What happens if Congress goes over the fiscal cliff? Taxes rise.

Americans could face an average tax hike of almost $3,500 in 2013 if Congress goes over the fiscal cliff, Gleckman writes. The looming fiscal cliff poses a major threat for the US economy.

J. Scott Applewhite/AP
Sen. Tom Coburn, R-Okla., makes a phone call Wednesday outside a meeting room in Washington before private talks with Federal Reserve Chairman Ben Bernanke on the "fiscal cliff," a combination of tax increases and spending cuts that will kick in on Jan. 2, 2013, if Congress fails to act.

If Congressional gridlock sends the U.S. government tumbling over the fiscal cliff later this year, Americans could face an average tax hike of almost $3,500 in 2013. Nearly 9 of every 10 households would pay higher taxes. Every income group would see their taxes rise by at least 3.5 percent, but high-income households would suffer the biggest hit by far, according to a new Tax Policy Center analysis.

TPC found that if the tax hikes last the entire year—a big ”if”–those in the top 0.1 percent would pay an average $633,000 more than if today’s tax rules were extended. However, even middle income households would take a hit: they’d pay an average of almost $2,000 more, and see their after-tax income fall by more than 4 percent. Such tax hikes would be “unprecedented,” said the paper’s authors, Bob Williams, Eric Toder, Donald Marron, and Hang Nguyen.

What’s scary, of course, is that all this would happen automatically. It would merely require Congress to default to its normal state of partisan gridlock in the face of a remarkable confluence of circumstances. They include the reversion of nearly the entire tax code to what it was at the end of the Clinton Administration, new taxes to pay for the 2010 health reform law, and automatic across-the-board spending cuts that would trim just about every government program except for Medicaid and Social Security. Looming in the background: The Treasury will hit its borrowing limit sometime in the first quarter of next year and temporary funding to keep the government operating will end in March. 

Taxes would rise by a half-a trillion dollars in 2013. On top of the substantial spending cuts, such an austerity budget would sharply reduce the deficit. But it also is likely to throw the still-weak economy back into recession.

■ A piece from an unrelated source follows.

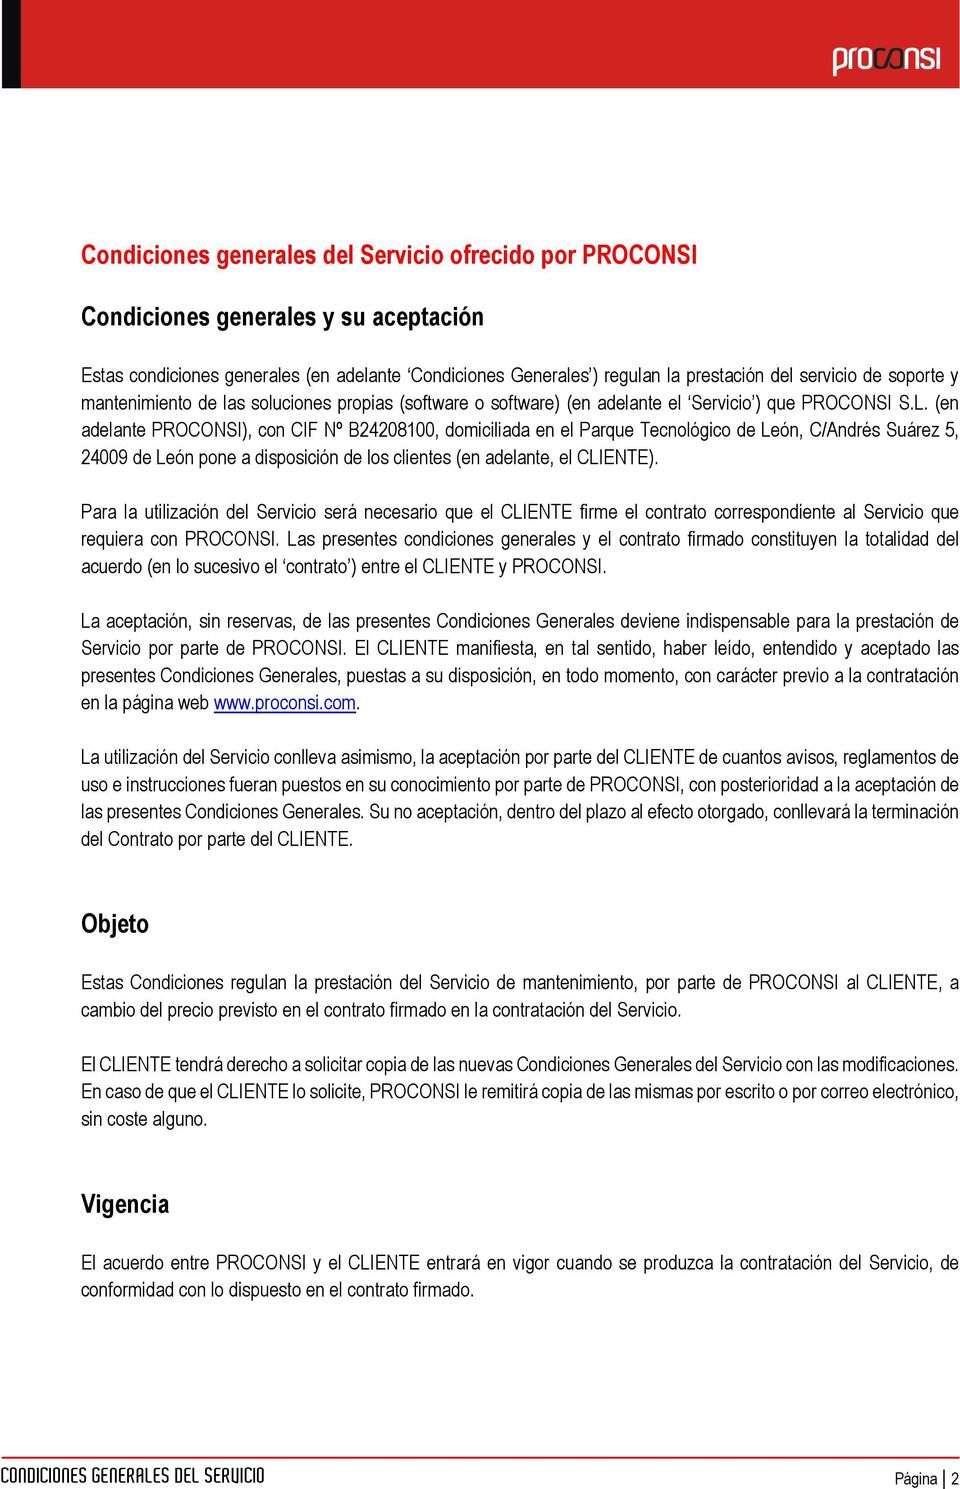 (en adelante PROCONSI), con CIF Nº B24208100, domiciliada en el Parque Tecnológico de León, C/Andrés Suárez 5, 24009 de León pone a disposición de los clientes (en adelante, el CLIENTE).

The Congressional Budget Office predicts that if the tax hikes and spending cuts last the entire year, the 2013 economy would contract by 0.5 percent and employment would fall by 2 million.

The tax increases would hit nearly everyone, and from all directions. The tax cuts enacted in 2001, 2003, 2009, and 2010 would expire. More than 120 million households would lose the benefits of the two-year-old payroll tax cut. Low-income working households would suffer as the Earned Income Tax Credit and the Child Tax Credit are scaled back. Upper middle-income households would lose their protection from the Alternative Minimum Tax and pay higher rates. Those at the very top would not only see rates on their ordinary income rise, but they’d also face higher taxes on their capital gains and dividend income as well as their estates.

At the same time, those high-income households will pay an extra 0.9 percent Medicare payroll tax and a new 3.8 percent tax on investment income—both included in the 2010 health law.

This mess was created by the temporary debt limit deal Congress and President Obama reached in the summer of 2011. The whole idea was to design draconian tax hikes and deep spending cuts that no one could stomach. As a result, lawmakers would come to their senses and replace the cliff with a steady and predictable glide path to fiscal responsibility. That’s not what happened.

Now what? Congress could, to stretch the metaphor, tumble over the cliff, fighting and clawing all the way to the bottom, and leaving itself–and the U.S. economy–woozy and bruised. That’s the outcome TPC has analyzed.

But there are other possibilities. Public anger and market fear could drive politicians to finally do the budget deal they’ve been avoiding for more than a decade–perhaps early next year. In that case, short-term tax increases might be fairly modest, though any long-term agreement is also likely to include higher taxes for many. Or, lawmakers could get to precipice, peer over the edge, and delay the day of reckoning into later in 2013.